When I posted the thread for most anticipated novel, Know No Fear got half the votes, and Void Stalker got most of the rest. Now that we've had a chance to actually read the books, how have people's perceptions changed?


----------



## Designation P-90 (Feb 24, 2012)

Void Stalker by far.


----------



## Diatribe1974 (Jul 15, 2010)

So far, Luthor Huss has been a real winner for me. I'm still reading tons of books right now.


----------



## sadLor (Jan 18, 2012)

I've read three of them: void stalker, know no fear and path of the renegade.

Void Stalker by far the best of the three.


----------



## Lord of the Night (Nov 18, 2009)

_Void Stalker_ is the clear winner, followed by _Know No Fear_ and _Path of the Renegade_ in that order.


LotN


----------



## Apfeljunge (May 1, 2011)

I've only read Void Stalker, Know No Fear and Legion of the Damned from that list and would rank them in that order, too.

Edit: Void Stalker was also the most anticipated for me, so not much has changed.


----------



## Shadow Walker (Jun 10, 2010)

Know No Fear for me. I have read also Path of the Renegade which was mediocre and Dark Eldar were just evil men, not alien enough for my taste. Sandy Mitchell and Rob Sanders are on my 'not to read' list. Sandy Mitchell because all Cain novels from 1th omnibus felt to me as I would read same book again and again and Rob Sanders because he is just bad writer, especially when it comes to battle scenes.


----------



## Bane_of_Kings (Oct 28, 2009)

Couldn't decide between KNF and _Void Stalker_, but I went with KNF in the end. There were so many good novels in Spring 2012, such as _Legion of the Damned_ and _Path of the Renegade_. In fact, I don't think there's a single novel that I didn't like that was released in Spring (with the exception of _Phalanx_ which I haven't read yet as I still need to catch up with the rest of the Soul Drinkers series, having only read Book #1). 

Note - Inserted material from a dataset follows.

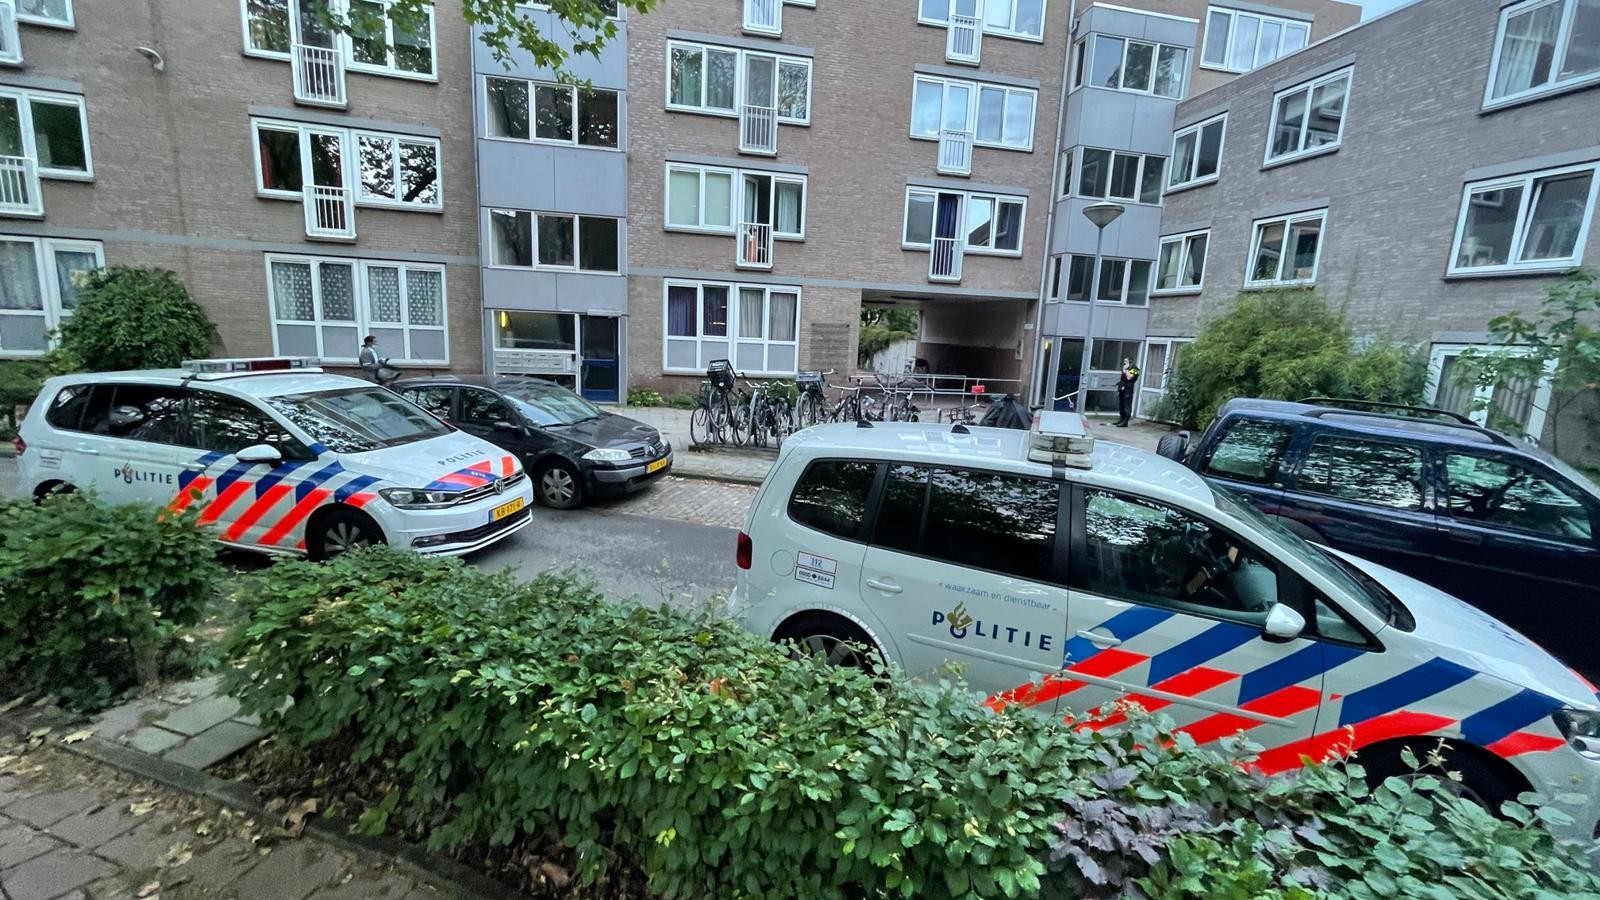 Drugswoning Van Hogendorpplein gesloten na schietpartij
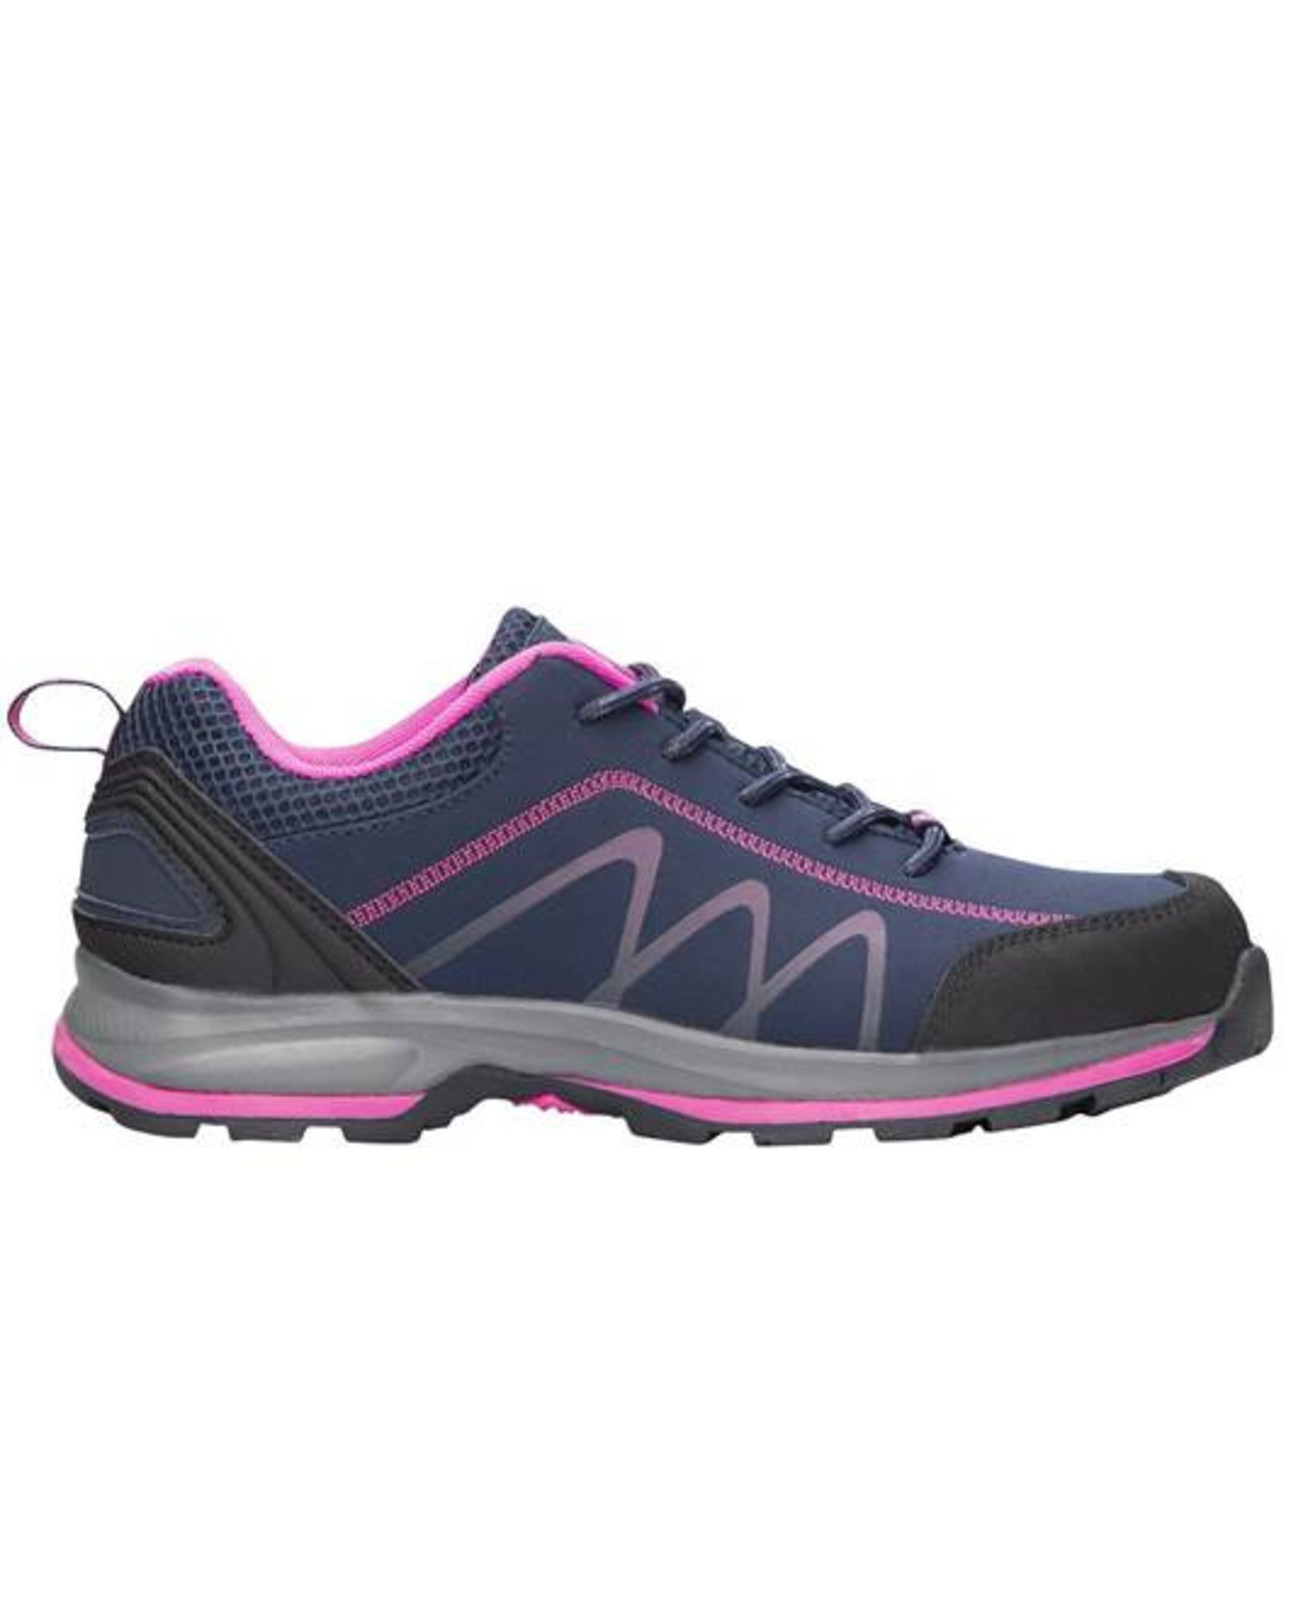 Dámska outdoor softshellová obuv Ardon Bloom - veľkosť: 40, farba: navy lila

Hopefully the trend will continue - although admittedly some novels are better than others, they were all enjoyable from my POV, and the ones that I've reviewed so far have got mostly (if not all) positive reviews. I'll get round to reviewing them all eventually, although this may take a while.


----------



## deepsix81 (Dec 24, 2011)

Went with _Know No Fear_ myself. Really liked _Phalanx_ and _Void Stalker _as well, but _KNF_ was so different and inventive that I had to go with that. Wouldn't mind if Sanders wrote an entire short story devoted to the Feast of Blades, though.


----------